Patient specific expression of KHDRBS1, survival and correlation analysis: (A) Volcano plot summarizing the Z-score distribution of KHDRBS1expression in different cancer. (BE) shows the difference in KHDRBS1 mRNA expression level in Z > 1 and Z < −1 sample in KIRP, LUAD, OV and LAML respectively (****P < 0.0001). (FI) Kaplan-Meier curve shows the comparison of fraction survival in higher expression (Z > 1) and lower expression (Z < −1) group in all four cancer. In KIRP and LUAD, the higher expression of KHDRBS1 affects the patient survival (P < 0.05), whereas in OV and LAML there is no difference in patient survival (P > 0.05) in higher and lower expression group. (J) Boxplot summarizing the distribution of correlation coefficient of KHDRBS1 to all other genes (rs > 0.3, P < 0.05). In boxplot, the median is indicated by the horizontal line dividing the interquartile range (Q25, Q75). Upper and lower ticks represent the maximum and minimum value (KIRP: kidney renal papillary cell carcinoma, LUAD: lung adenocarcinoma, LAML: acute myeloid leukemia, and OV: ovarian cancer).

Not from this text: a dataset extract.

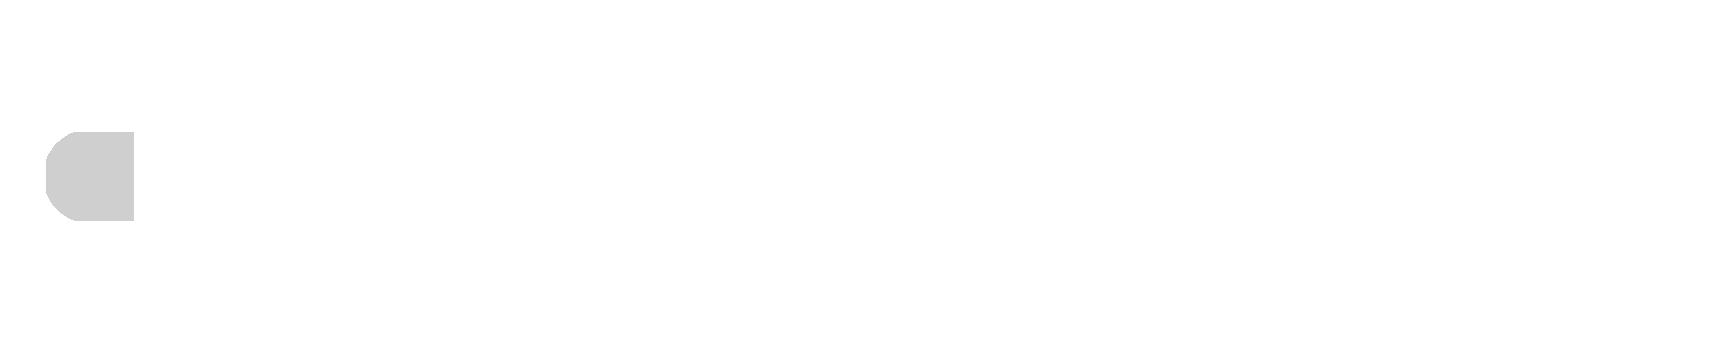 Daruclick logo
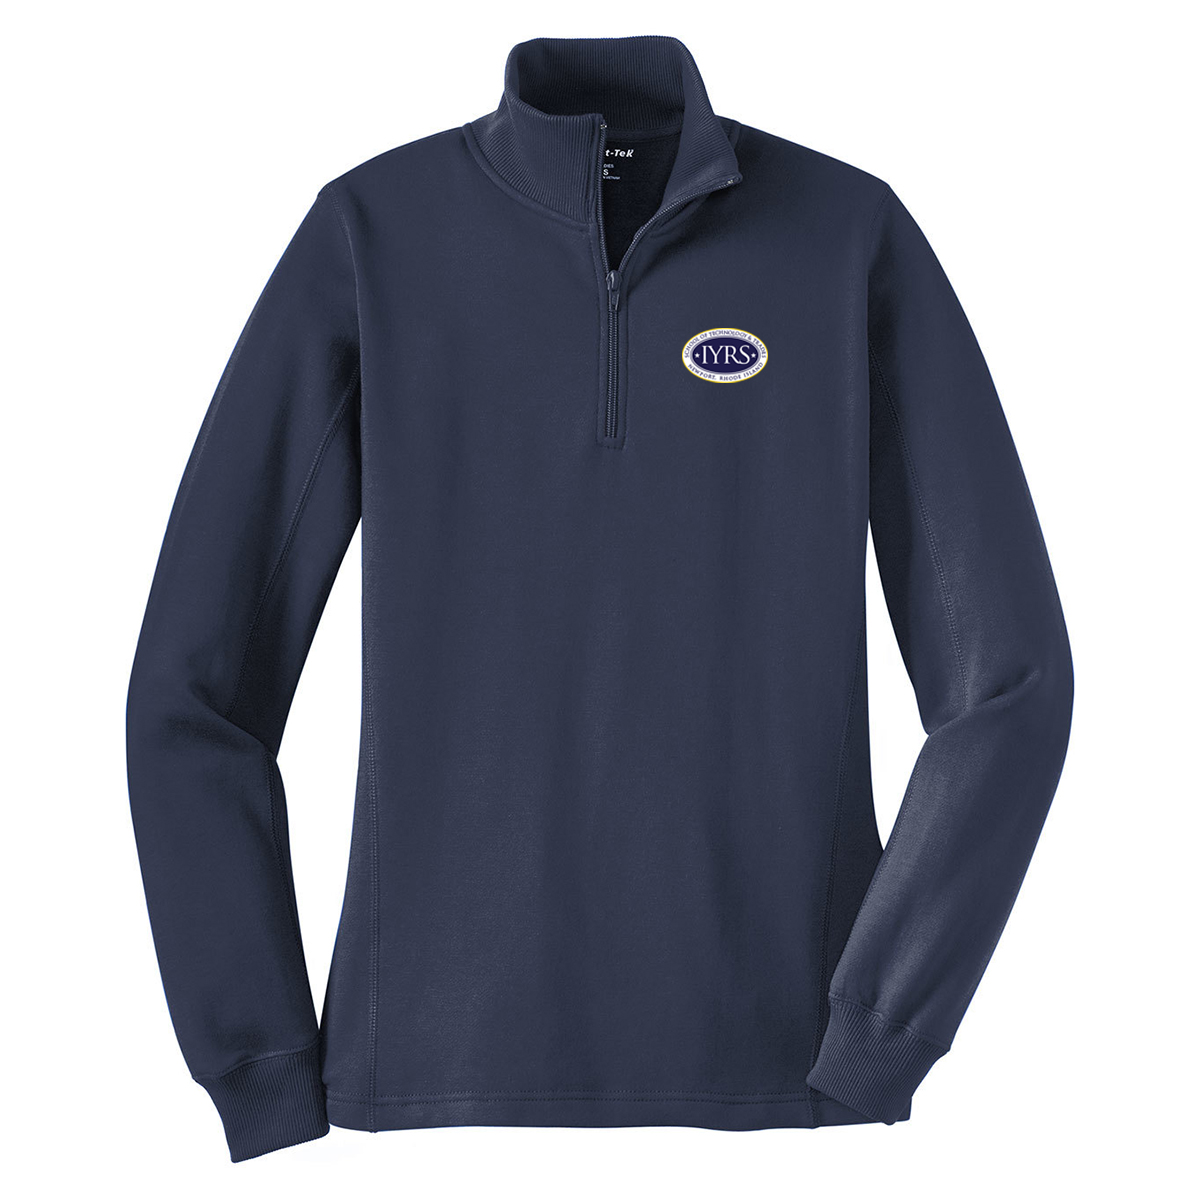 International Yacht Restoration School - Women's 1/4 Zip Sweatshirt

Higher expression of KHDRBS1 correlates with patient survival in KIRP and LUAD

To understand the clinical outcomes of KHDRBS1 higher expression in cancer patients, we performed survival analysis using Kaplan-Meier survival curve and log-rank test20. Patient-specific clinical data was collected from TCGA clinical data set, and survival was compared between two group i,e Z > 1 and Z < −1 of KHDRBS1. Survival analysis shows higher expression of KHDRBS1 (Z > 1) significantly reduces (P < 0.05) the patient survival in KIRP, and LUAD (Fig. 2F,G). However, in LAML and OV, higher expression of KHDRBS1 does not show any difference (P > 0.05) in patient survival rate (Fig. 2H,I). This result shows that higher expression of KHDRBS1 has the prognostic value in KIRP and LUAD for a specific group of cancer patients, but not in LAML and OV. Further, in LAML and OV, the expression of KHDRBS1 is significantly (P < 0.0001) high in the patients with Z > 1 as compared to Z < −1, although the higher expression does not affect the patient survival. This gives us fascinating evidence that the over-expression of KHDRBS1 may not always be accountable for cancer progression and patient survival. The cellular function of a gene or protein depends on its interacting partners. In this scenario, the interacting partners of KHDRBS1 in LUAD and KIRP are possibly different from LAML and OV, which results in a different outcome. Moreover, each cancer has a unique phenotypic property which is evolved due to distinct molecular interaction inside a cell. Therefore, investigation on the interacting partners of KHDRBS1 and correlation among them could light-up exact mechanism of KHDRBS1 function in cancer.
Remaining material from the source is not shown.